Artistas como Leonardo, Albrecht Dürer e Albrecht Altdorfer organizaram as suas


preferências estéticas no tocante à assunção de fragmentos de paisagem: nas pinturas do
italiano; nas gravuras, aguarelas e guaches dos alemães.
Na abordagem à obra de Filipe Romão, cabe mais a referência ao pintor de
Nuremberga, destacando peças específicas a relacionar: a densidade do traço, modelação de
volumes e formas, uma saturação mesmo como se analisa num fragmento, seção inferior da
gravura Némésis (1502); parte do setor esquerdo superior no guache e aguarela de Caminho
de Montanha (1494). Numa distância próxima do observador, a gravura Paisagem com canhão
(1518) possui a trama de modelação, traços e sobreposições que a respiração se retém, algo
que sucede perante a saturação de pigmento em pinturas de Filipe Romão. Afirmar a não
existência, talvez seja demasiado impositivo, talvez.

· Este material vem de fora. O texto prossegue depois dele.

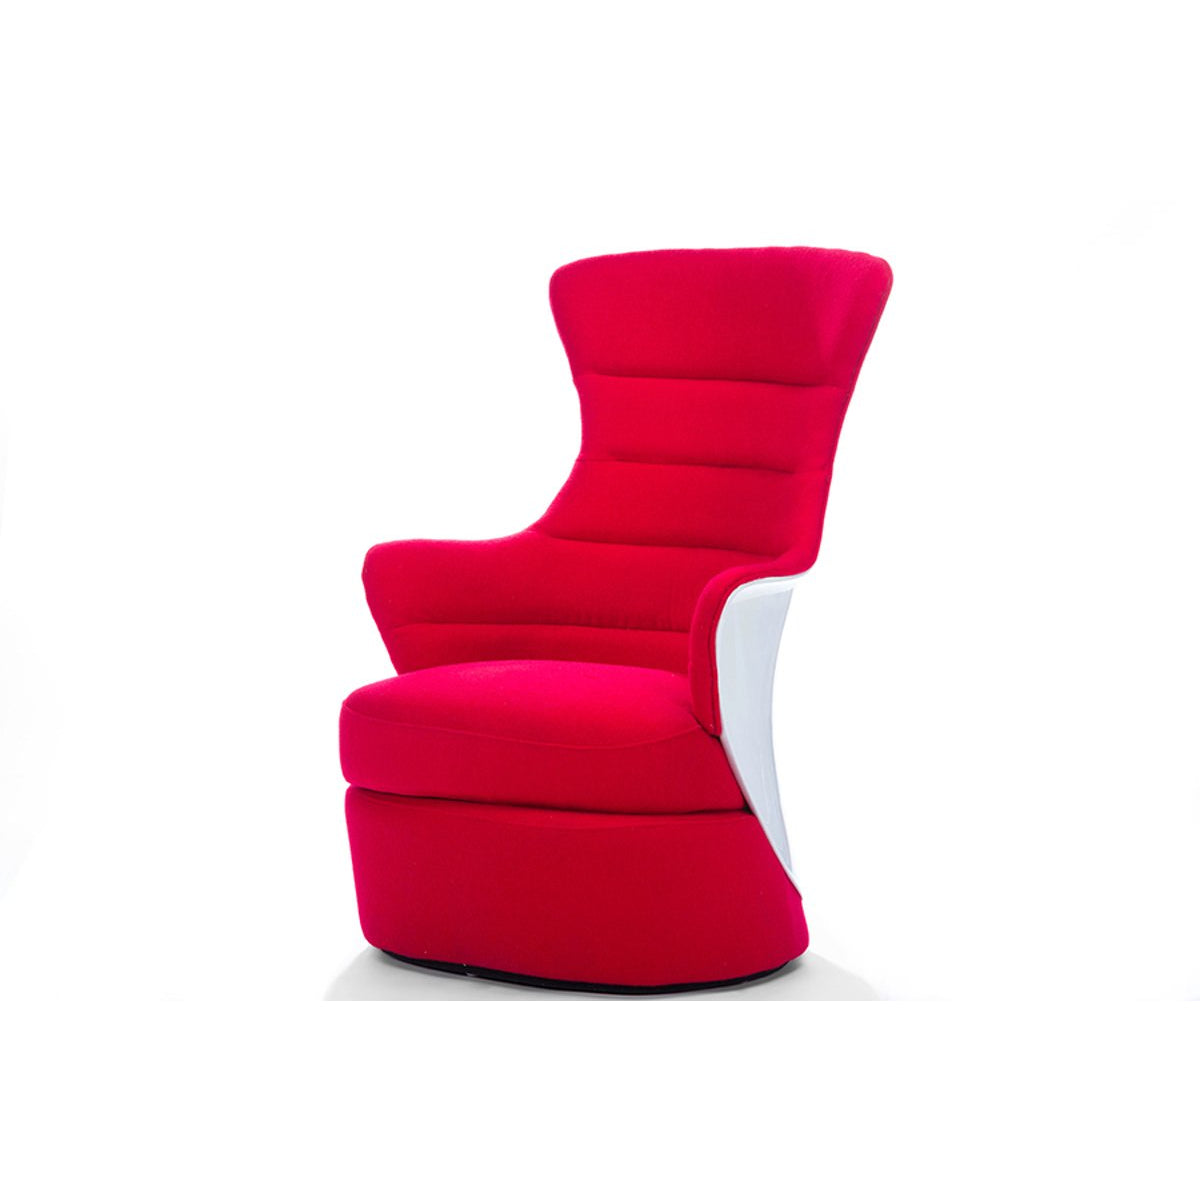 Baxton Studio Conundrum Red Fabric & White Plastic Contemporary Armchair Baxton Studio-chairs-Minimal And Modern - 1
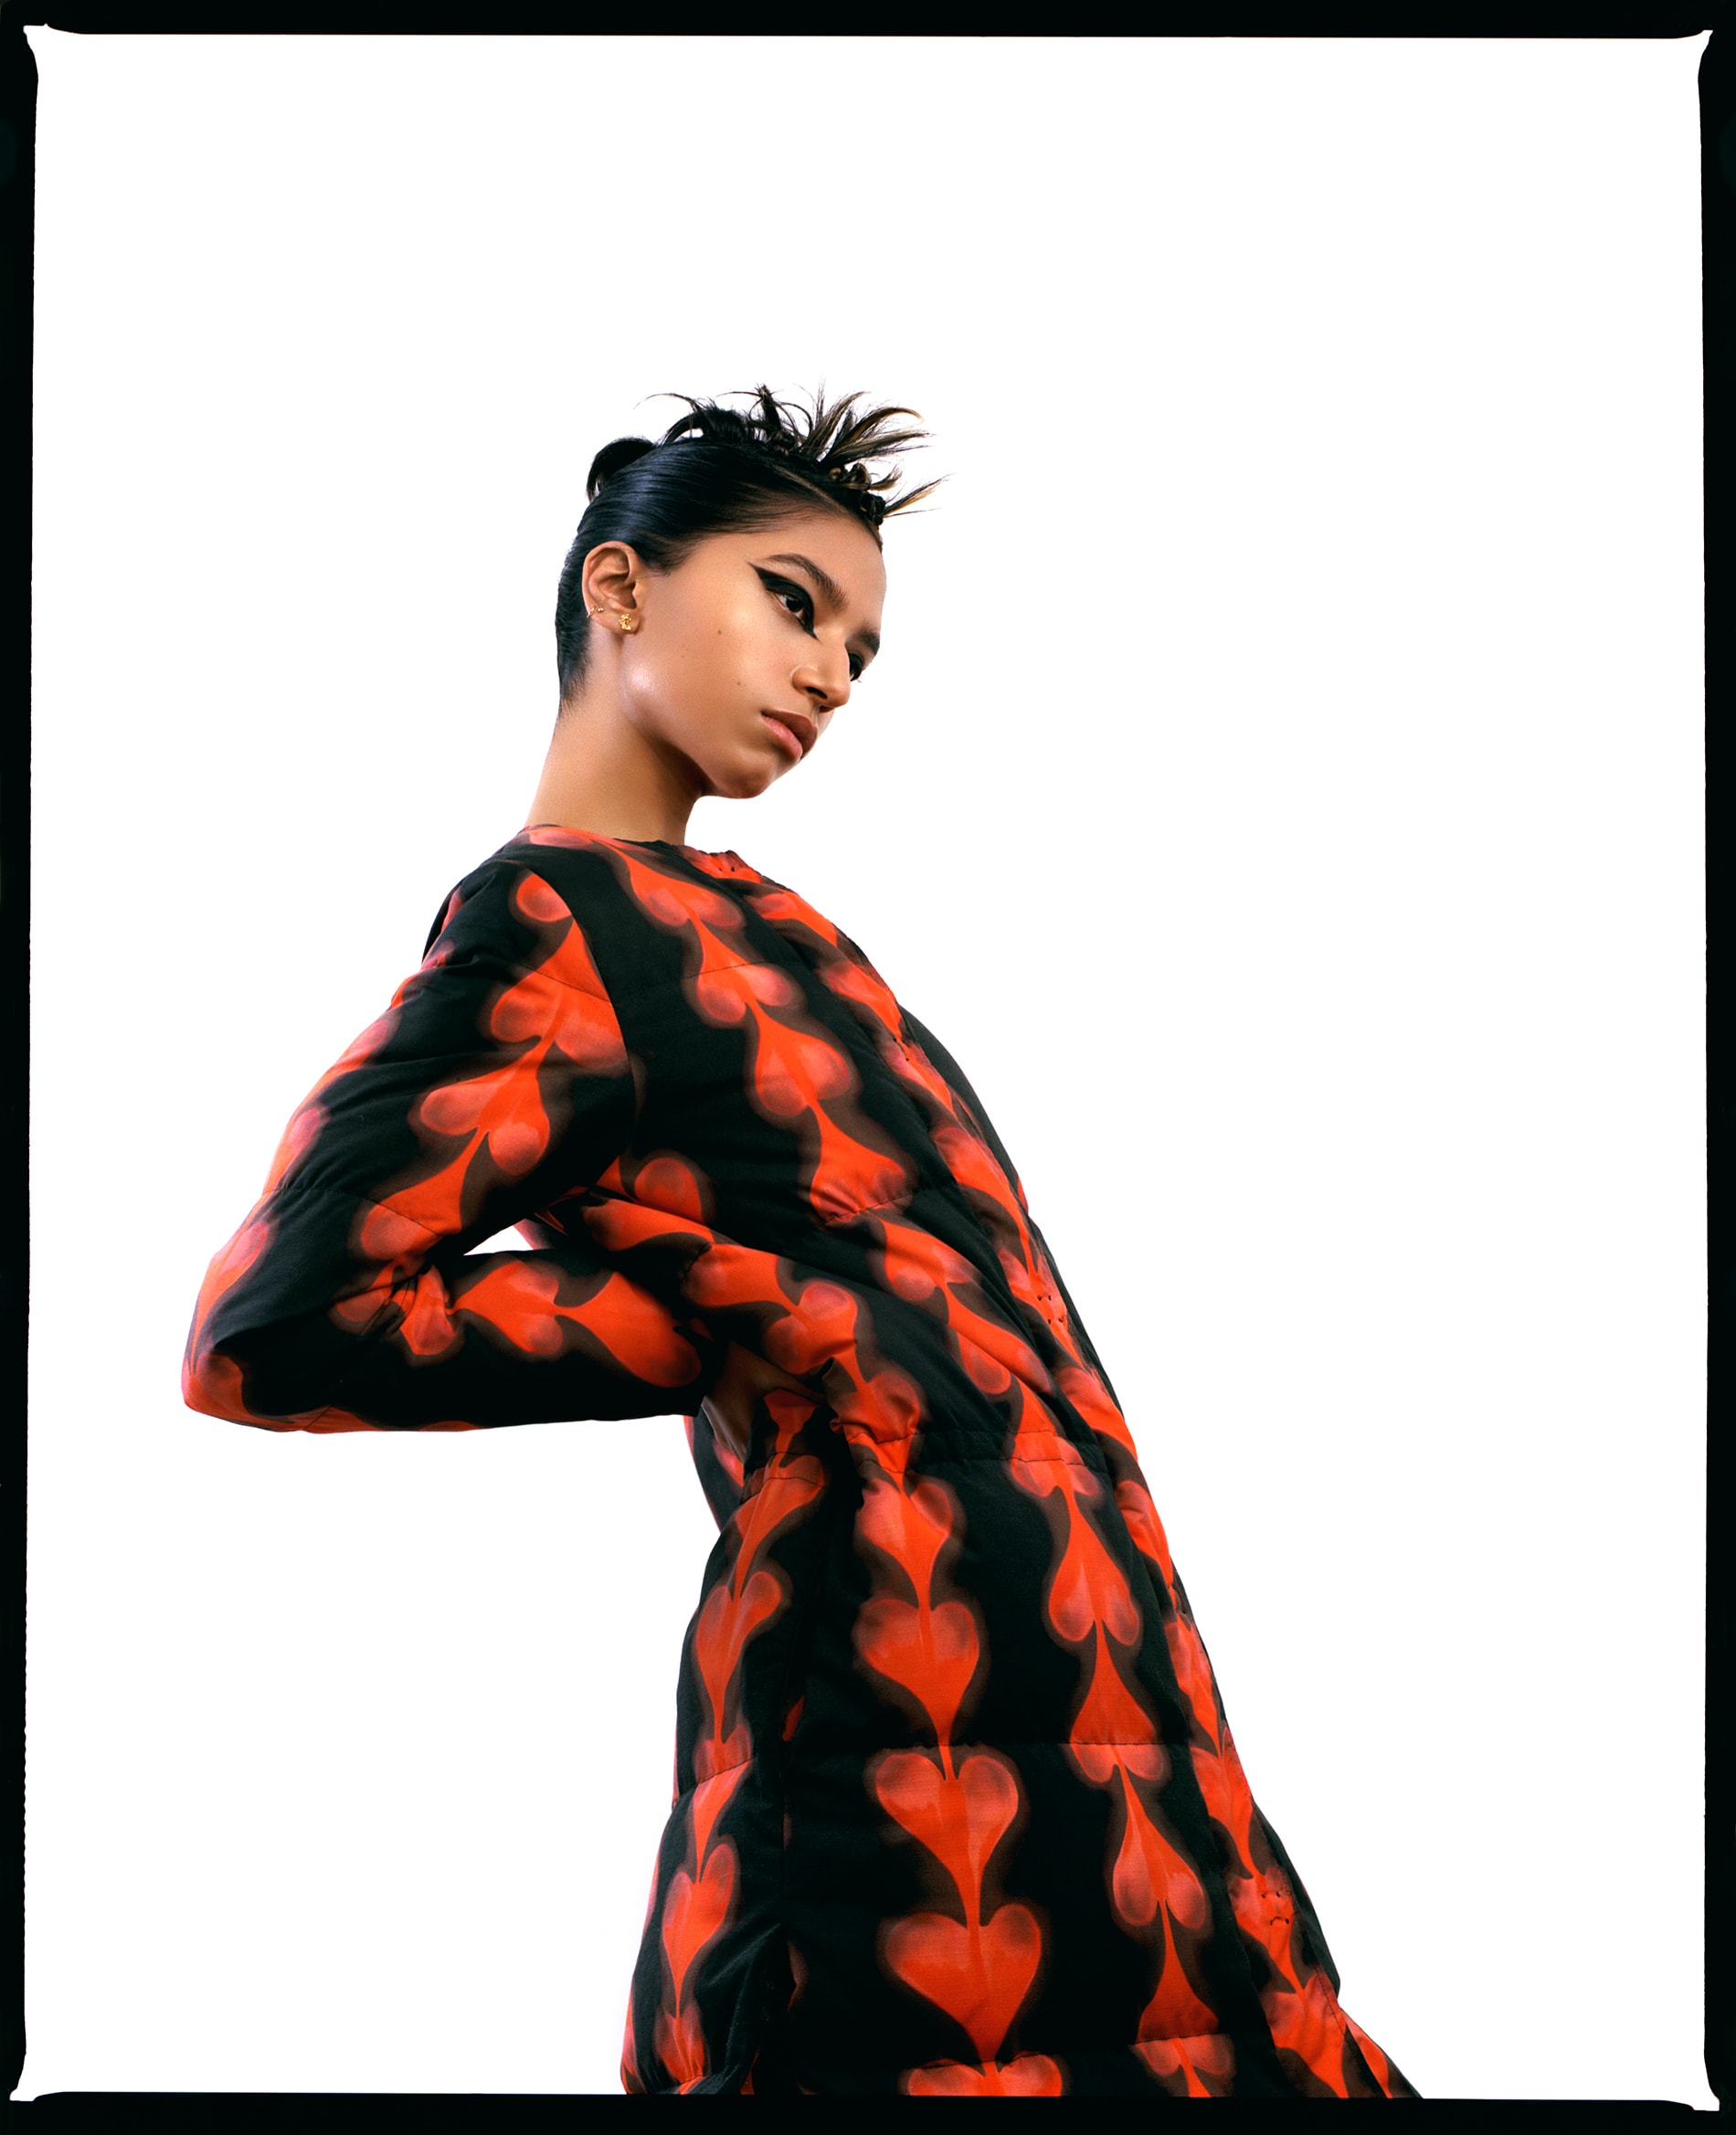 Tara Raani, queer model and actress, know for her role as Zaara Ali on the television sitcom grown-ish. Wearing a red and black jacket, dark cat eye makeup by Malisa Khamphong, spiky hair by hairstylist Jason Linkow, studio setup, white backdrop, photographed by New York fashion photographer Maria Bruun. Photographed using the Mamiya RZ67 camera and Kodak Portra film. Editorial for Flanelle Magazine.

Por outro lado, e muito em particular, a
estratégia que coordena a aproximação no formato de desenho, é quase um zoom, ago que
dialoga, como se pode apreciar, a eleições compósitas de Durer, analise-se o canto inferior
direito da gravura Madonna com o símio (ou o canto inferior direito de Casa isolada num
estanque (1495). Ainda o maciço de árvores (lado direito) Moinhos de água em Peignitz (1506),
os ramos de arbustos, aparentemente calcinados, mortos em Pedreira (1496); o detalhismo de
flores tal como é celebrado em Botão-de-ouro, trevo vermelho e banana-da-terra (1526) e,
sobretudo, a densidade existencial das plantas em O Grande tudo de ervas (1503) e em
Pequeno tudo de ervas – igualmente no Museu Albertina de Viena. Pois, eu acredito, as
plantas, as árvores, a vegetação são sobremaneira existenciais na pintura e desenho de Filipe
Romão. É condição, origem e destino em simultâneo.
Albrecht Altdorfer (1480-1538) legou-nos pinturas e gravuras notáveis, aqui
ponderando acerca das últimas que dialogam com o anteriormente analisado quanto a Dürer.
Gravuras como Paisagem com cidade à beira do lago (c. 1520) a atmosfera desenhada agarra
linhas mais leves que estruturam o arvoredo, sem a densidade e tensão que se vê no pintor de
Nuremberga e, muito menos, na acentuação dramática que Filipe Romão determina. Contudo,
averiguando outras peças como: Paisagem com abeto duplo em primeiro plano (1521-1522); a
fusão da vegetação com as figuras em São Jorge a matar o dragão (1511); a árvore que se
ergue solitária no canto superior direito de O sonho e julgamento de Páris (1511); a seção
superior esquerda quer em O sonho de Paris (S/d), quer em Piramus e Thisbe (S/d). Nestes
fundo que são afinal atores principais nas gravuras do gravador bávaro, as encenações
atmosféricas são dramáticas, empolgando os espetadores que se adentram na imagem.

5
Christophe Imbert et Philippe Maupeu, Le Paysage allégorique – entre l’image mentale et le pays trasnfiguré,
Rennes, Presses Universitaires de Rennes, 2011
Estudem-se pois seções nas composições, excertos gráficos, fragmentos destacados
que demonstram o rigor no tratamento de detalhes com o teor da abordagem que em Filipe
Romão vai além da celebração mimética, avançando nos territórios dos seres vegetais e
atmosféricos (também) imaginários. Tudo parece estar num estado de contenção, podendo
dinamizar-se a qualquer instante, ultrapassando o pseudo-hieratismo, avançando para um
turbilhão psico-estético.
Em Estas paisagens não existem vemos arbustos, flores, árvores, nuvens, terra, pedras
exaltadas. São representações mas não existem reais, exatamente assim, quanto a disposição
ou concatenação de dados figurais. Pensa-se quase de forma inevitável na lucidez de Gaston
Bachelard ao indicar o reconhecimento criacional subsumido, por privilégio, a um dos 4
elementos. Água, fogo, ar ou terra não são assim tão explícitos, não se plasmam por
exclusividade a esse ponto, na obra do artista português. Todavia, reconhecemo-los, sabemos
de algumas lembranças ou efabulações parecidas. Sejam referências internas singulares,
provenientes, formatadas na ordem da memória ou da imaginação, o fato é que fornecem asas
a qualquer imaginário individual que queira festejar o desígnio. Reais, imaginárias, idealizadas
[est]as paisagens são sempre simbólicas. Em alguns casos, adverte-se quem leia ou veja,
existem sob causa de uma intencionalidade alegórica. Que concatenações se promovem,
quando é plausível ultrapassar as consignações significantes de circunstância?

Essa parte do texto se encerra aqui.